AWS Glue

Arun Rajeevan
3 min readDec 3, 2020

Problem domain: Analytics

You define jobs in AWS Glue to accomplish the work that’s required to extract, transform, and load (ETL) data from a data source to a data target. You typically perform the following actions:

  • For data store sources, you define a crawler to populate your AWS Glue Data Catalog with metadata table definitions. You point your crawler at a data store, and the crawler creates table definitions in the Data Catalog. For streaming sources, you manually define Data Catalog tables and specify data stream properties.
  • In addition to table definitions, the AWS Glue Data Catalog contains other metadata that is required to define ETL jobs. You use this metadata when you define a job to transform your data.
  • AWS Glue can generate a script to transform your data. Or, you can provide the script in the AWS Glue console or API.
  • You can run your job on demand, or you can set it up to start when a specified trigger occurs. The trigger can be a time-based schedule or an event.
  • When your job runs, a script extracts data from your data source, transforms the data, and loads it to your data target. The script runs in an Apache Spark environment in AWS Glue.
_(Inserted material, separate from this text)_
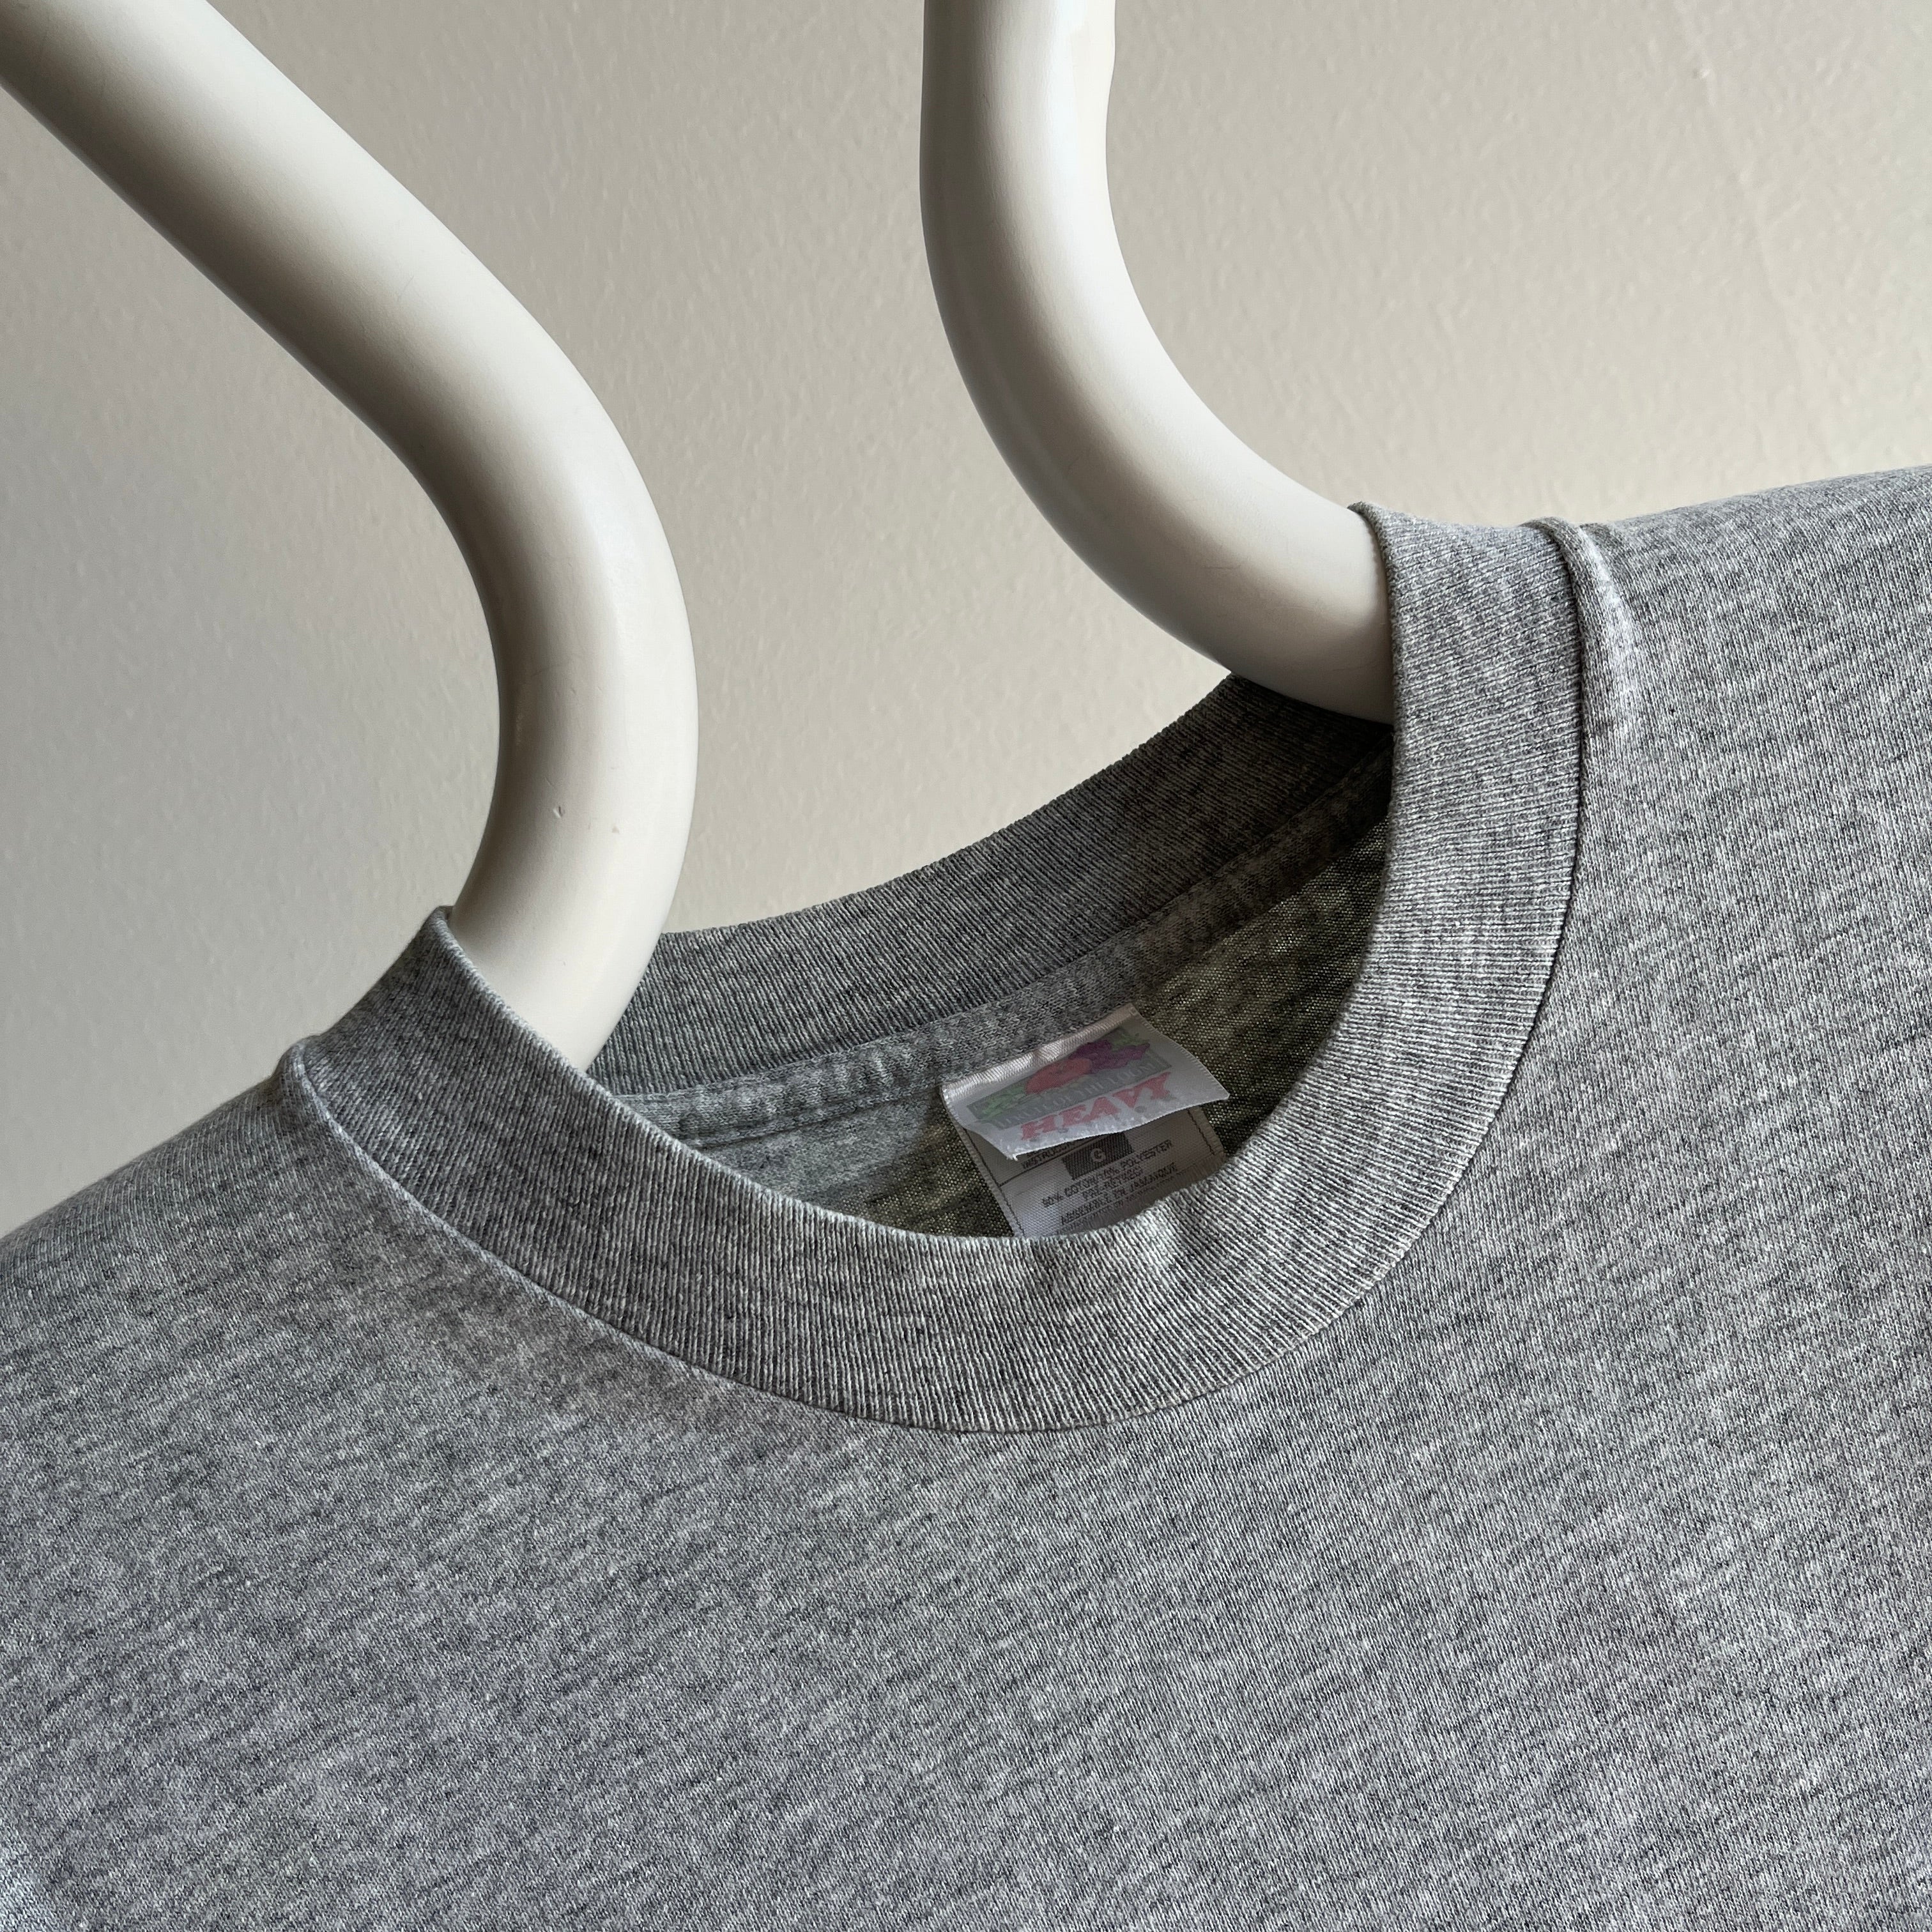 1990s Blank Gray FOTL Cotton T-Shirt
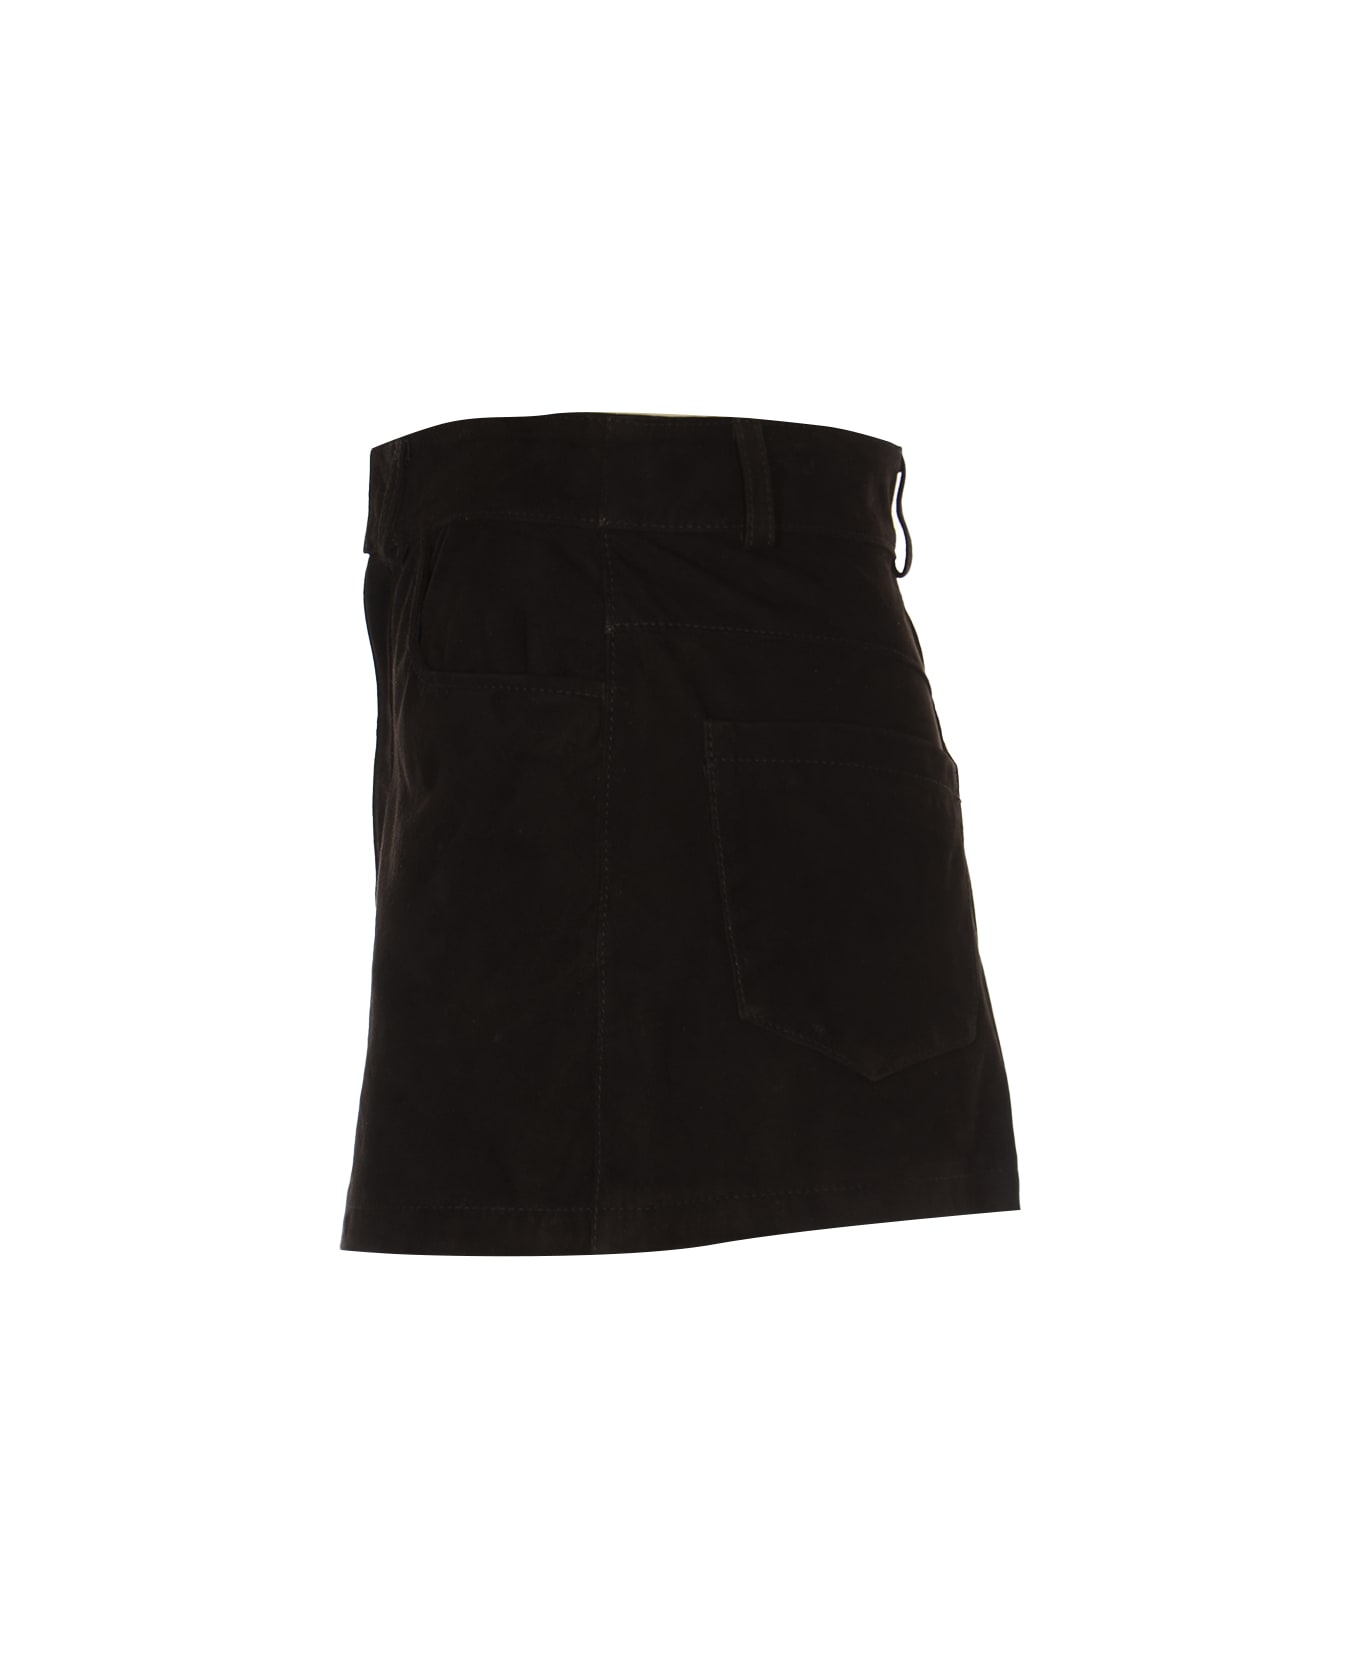 DFour 5 Pockets Short Skirt - Black

When Should I Use AWS Glue?

You can use AWS Glue to organize, cleanse, validate, and format data for storage in a data warehouse or data lake.

You can transform and move AWS Cloud data into your data store.
You can also load data from disparate static or streaming data sources into your data warehouse or data lake for regular reporting and analysis. By storing data in a data warehouse or data lake, you integrate information from different parts of your business and provide a common source of data for decision making.

AWS Glue simplifies many tasks when you are building a data warehouse or data lake:

  • Discovers and catalogs metadata about your data stores into a central catalog. You can process semi-structured data, such as clickstream or process logs.
  • Populates the AWS Glue Data Catalog with table definitions from scheduled crawler programs. Crawlers call classifier logic to infer the schema, format, and data types of your data. This metadata is stored as tables in the AWS Glue Data Catalog and used in the authoring process of your ETL jobs.
  • Generates ETL scripts to transform, flatten, and enrich your data from source to target.
  • Detects schema changes and adapts based on your preferences.
  • Triggers your ETL jobs based on a schedule or event. You can initiate jobs automatically to move your data into your data warehouse or data lake. Triggers can be used to create a dependency flow between jobs.
  • Gathers runtime metrics to monitor the activities of your data warehouse or data lake.
  • Handles errors and retries automatically.
  • Scales resources, as needed, to run your jobs.

You can use AWS Glue when you run serverless queries against your Amazon S3 data lake. AWS Glue can catalog your Amazon Simple Storage Service (Amazon S3) data, making it available for querying with Amazon Athena and Amazon Redshift Spectrum. With crawlers, your metadata stays in sync with the underlying data. Athena and Redshift Spectrum can directly query your Amazon S3 data lake using the AWS Glue Data Catalog. With AWS Glue, you access and analyze data through one unified interface without loading it into multiple data silos.

You can create event-driven ETL pipelines with AWS Glue. You can run your ETL jobs as soon as new data becomes available in Amazon S3 by invoking your AWS Glue ETL jobs from an AWS Lambda function. You can also register this new dataset in the AWS Glue Data Catalog as part of your ETL jobs.

You can use AWS Glue to understand your data assets. You can store your data using various AWS services and still maintain a unified view of your data using the AWS Glue Data Catalog. View the Data Catalog to quickly search and discover the datasets that you own, and maintain the relevant metadata in one central repository. The Data Catalog also serves as a drop-in replacement for your external Apache Hive Metastore.

--

--